Retention times and full width half maximum (FWHM) values for the chromatograms of Figure 1 are presented in Table 1. These values were not calculated for the solvent peak (peak 1) due to its high concentration.
Comparison of peak widths between the two setups revealed an observed reduction in peak height and concomitant peak broadening in the GC–FTIR–FID configuration. In light-pipe GC–FTIR this could be ascribed to the dispersion of the chromatographic peak within the volume of the LP. Excessive band broadening can reduce separation efficiency resulting in poorer resolution in chromatographic systems.
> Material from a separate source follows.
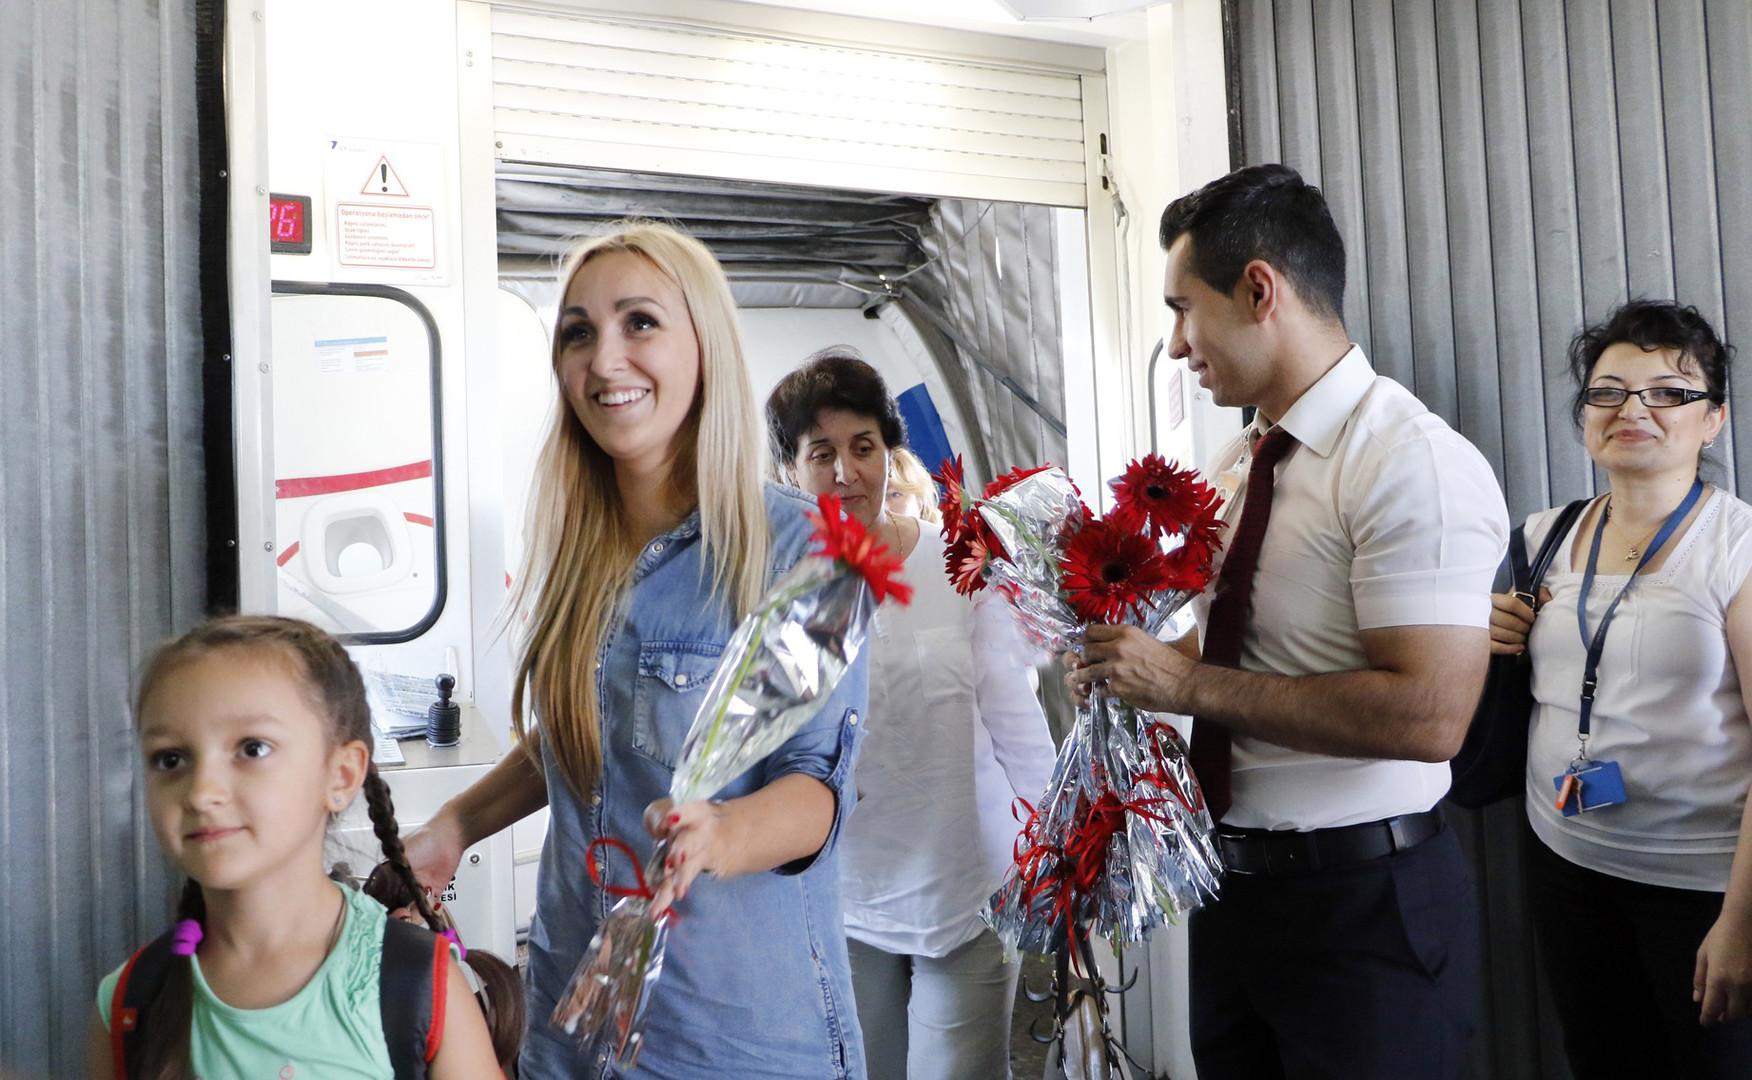 Россияне возвращаются в Турцию. Работники аэропорта в Анталье встречают туристов, прибывших из России.
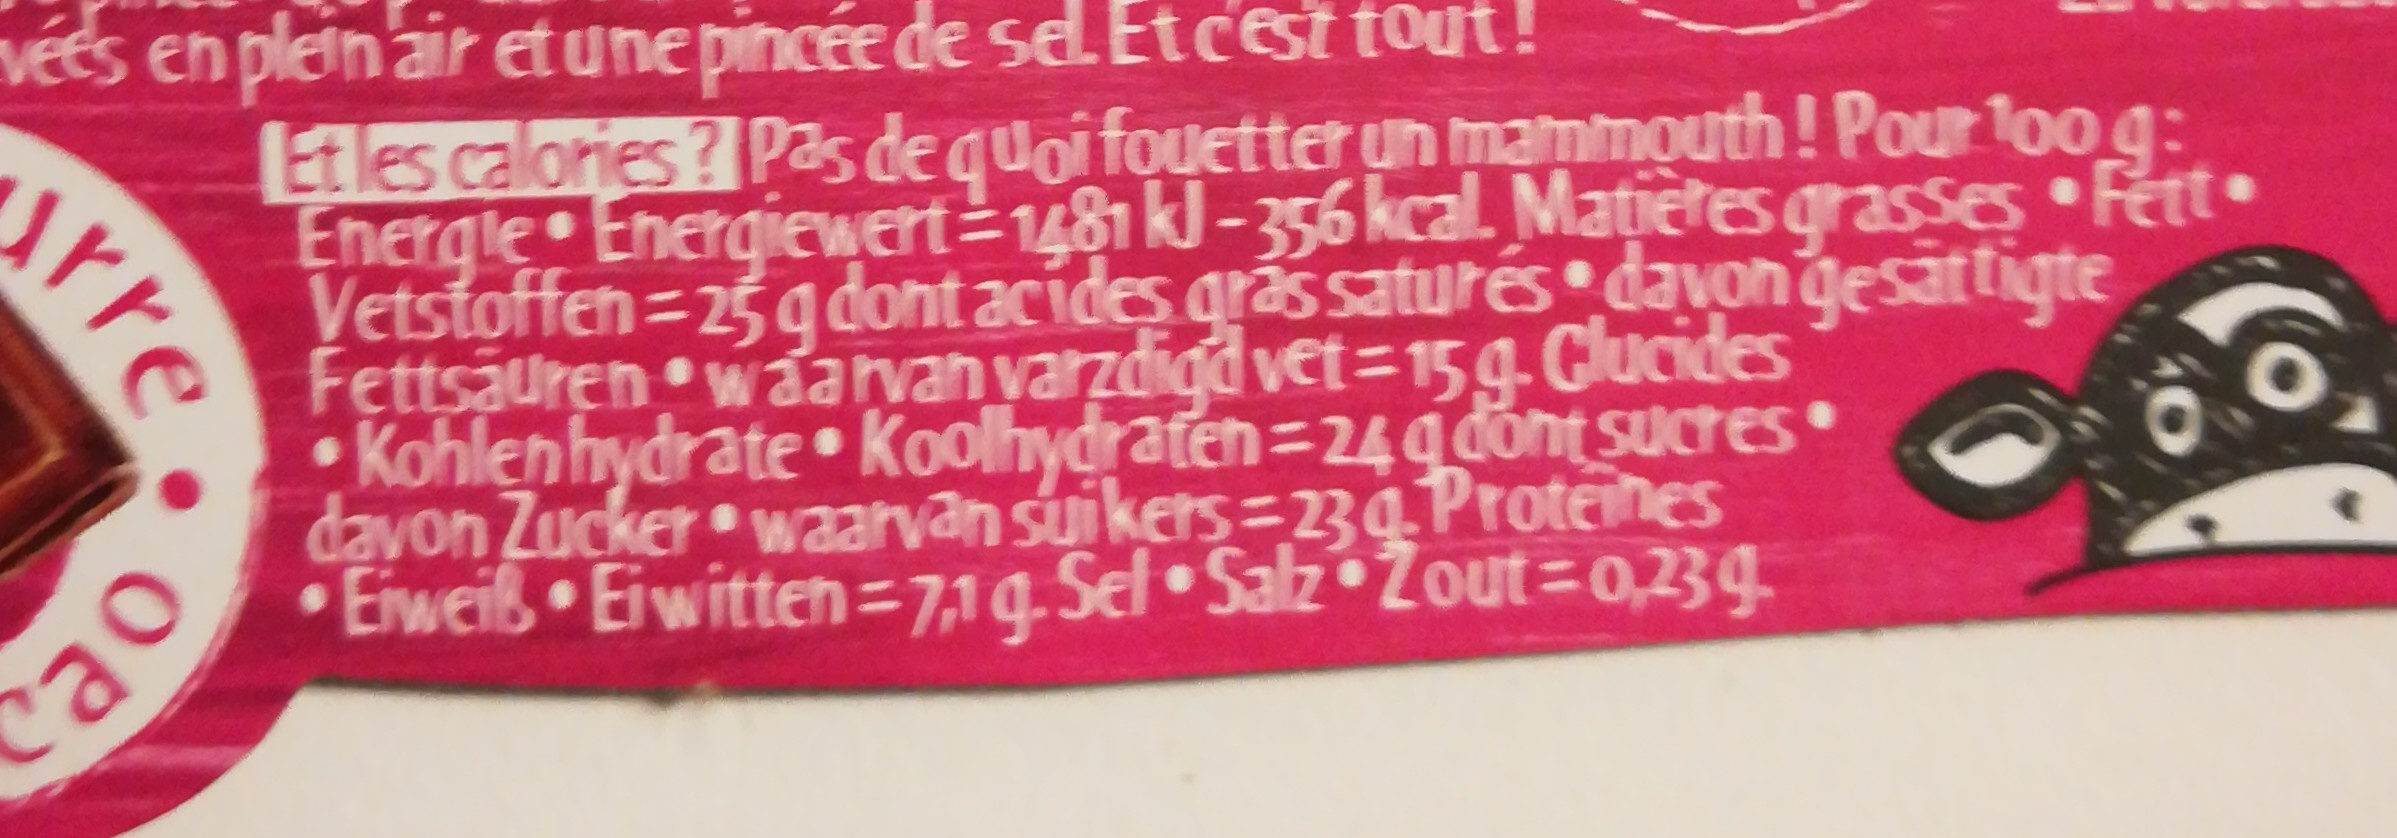 L'incroyable mousse - Chocolat noir - Nutrition facts - fr

However, FTIR spectra in the gas phase display reduced spectral band broadening compared to those in condensed- or liquid-phases. Although gas-phase spectra are less common in literature than liquid-phase spectra, they are less confusing to interpret since the latter may contain multiple narrow bands within a broad band. From Figure 1A, the light-pipe contributes about a two-fold increase in peak width.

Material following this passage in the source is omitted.